Noel Gallagher’s favourite rap acts: “I have a vast collection of hip hop tunes”

Hip-hop and Noel Gallagher have a thorny history. Still an albatross that hangs heavy around the Oasis songsmith’s neck, his puritanical rejection of Jay-Z’s 2008 Glastonbury Festival headliner swiftly aged like milk after the New York rapper provided the Worthy Farm jamboree with one of its most acclaimed performances.

The Verve frontman and “genius”, as (What’s the Story) Morning Glory?‘s liner notes dubbed him, Richard Ashcroft adopted a much cooler recognition of Jay-Z’s merits as he took the Pyramid Stage the following Sunday: “A shout out for Jay-Z for putting in a good performance, but tonight is rock n roll!”

Despite Gallagher’s dogmatic refusal to acknowledge hip-hop’s place at Glastonbury, a position he’s softened on over the following years, he was no rap refusenik, bestowing high praise on Def Jam’s tour date at Manchester Apollo in 1987 featuring LL Cool J, Eric B & Rakim, and Public Enemy— the latter he called “inspirational.” However, as is often the case with hip-hop critique, Gallagher marks the genre’s golden age as essentially pre and post-G-funk.

“I love hip hop, up until the very early 1990s,” Gallagher told Portland Mercury in 2012. “From the very early ’90s onward, it all got a bit, uh, all the gangster shit and all the ‘bitches’ and all that kind of money and all that, but from the late ’70s to the early ’90s, I have a vast collection of hip hop tunes.”

Braggadocio has been an essential and fun ingredient to rap ever since the South Bronx’s B-boy days back in the 1970s. It’s true, however, that Dr Dre and the Death Row Records cohort, followed by New York’s Bad Boy Records not long after, gloried in flashy materialism and a queasy objectification of women around the time time of ’92’s gangsta rap classic The Chronic. But hip-hop didn’t have a monopoly on misogyny. The Beatles, The Rolling Stones, The Specials, and Red Hot Chili Peppers were just a fraction of rock’s heritage, featuring harmful lyrics toward women in their songbooks.

“The hip hop thing was mainly about the videos, the way women are portrayed in the videos—it’s not great,” Gallagher confessed. “I don’t give a fuck what anybody says. It’s not the best. Women don’t come out looking great in the hip-hop scene. And that’s not for me. I’ve got a daughter who’s 15 years of age, and maybe that’s just me being a concerned father. But I don’t despise any of it. Nobody will ever be as good as Public Enemy or the Beastie Boys.”

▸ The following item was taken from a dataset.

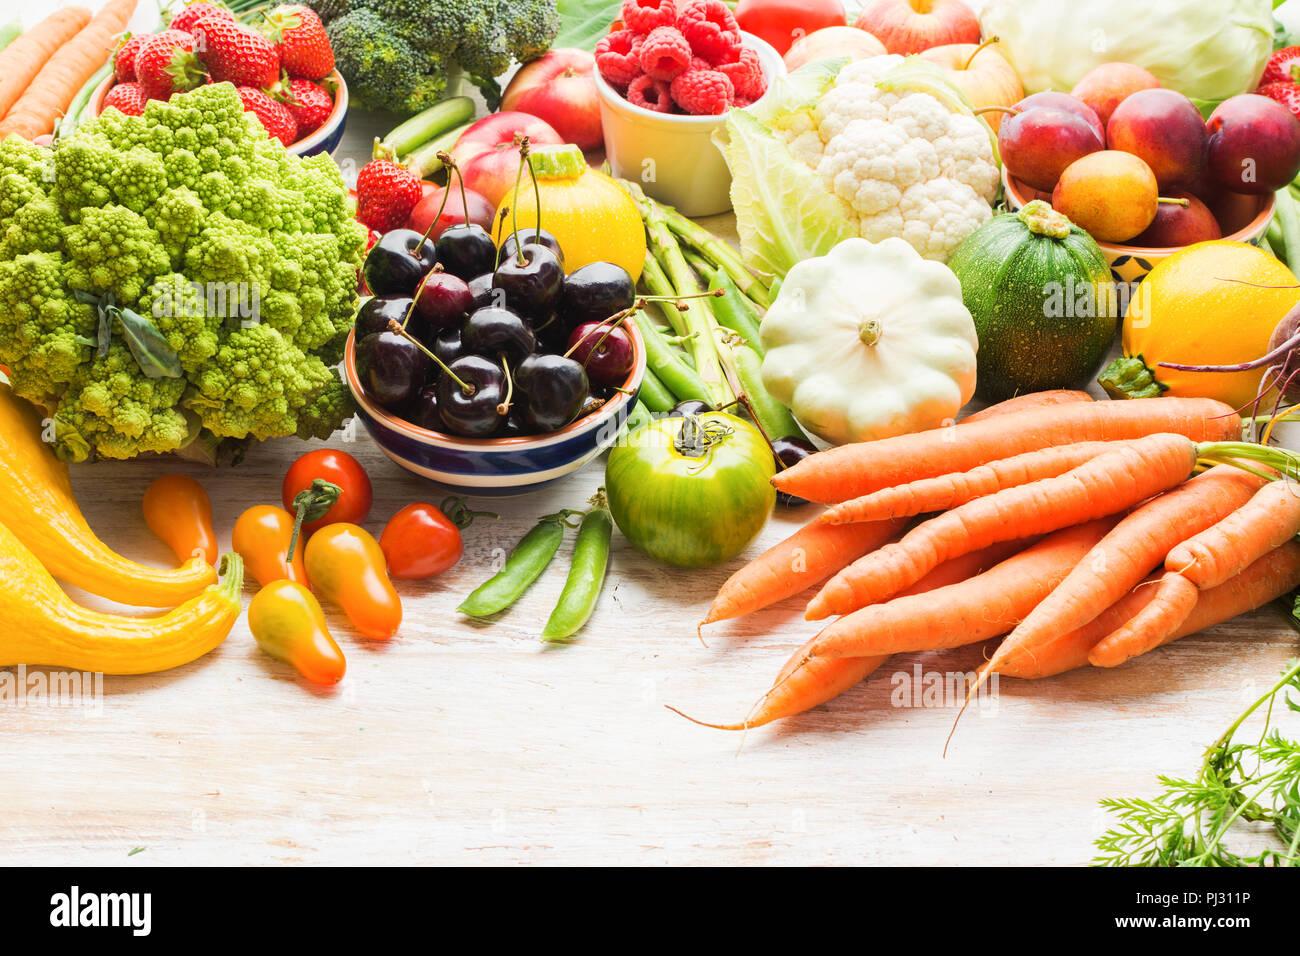 Viele sommer Früchte Gemüse Beeren, Äpfel Kirschen Pfirsiche Erdbeeren weißkohl Brokkoli Blumenkohl squash Tomaten Möhren Frühlingszwiebeln Bohnen, rote Rüben, Kopie, selektiven Fokus Stockbild
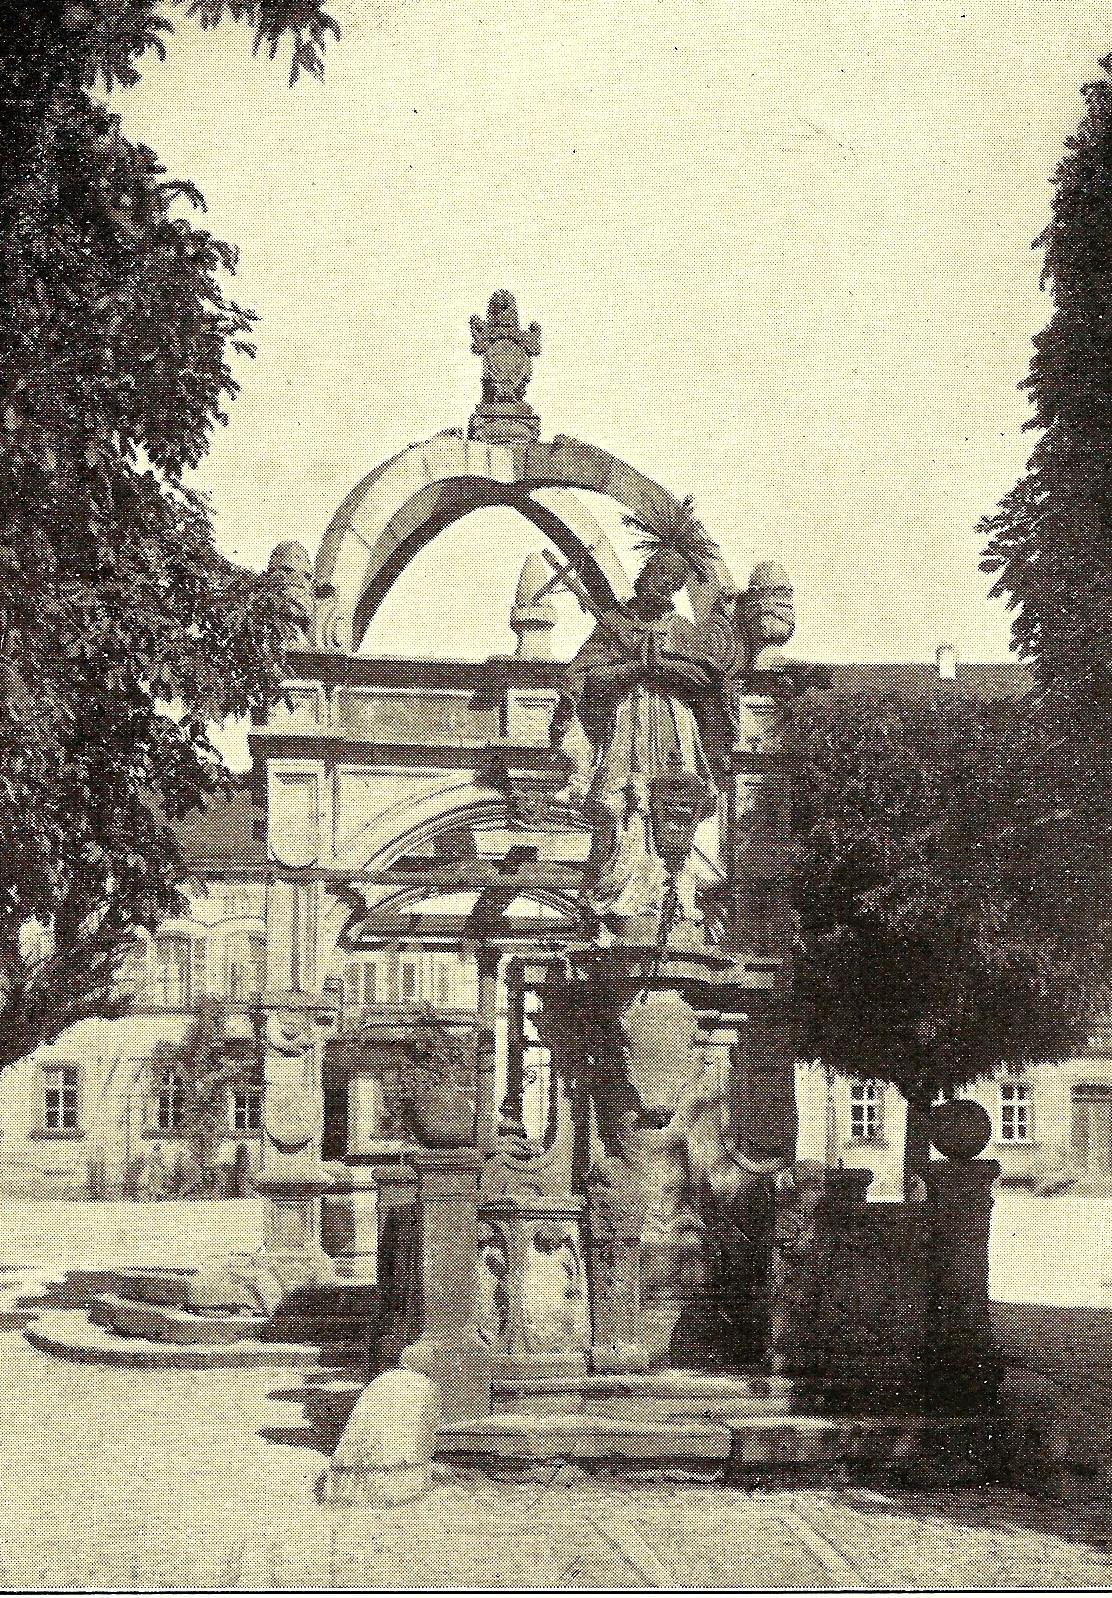 St. Nepomuk vor dem Brunnen auf dem Marktplatz (vor 1925)

Gallagher must have forgotten about the Beasties’ obnoxious Def Jam years. While ‘Fight for Your Right’ is a classic, Licensed to Ill‘s ‘Girls’ and the tour’s caged dancing women didn’t endear themselves to progressive circles. Taken cues from Long Island’s politically charged Public Enemy, Beastie Boys dropped the juvenile bullshit and decamped to Los Angeles to cut the seminal Paul’s Boutique.

With the Beastie Boys’ dense and artful collages of niche samples, and Public Enemy’s It Takes a Nation of Millions to Hold Us Back stirring black American consciousness with its inspired, revolutionary flow, the hip-hop legends can confidently claim as the genre’s two greatest.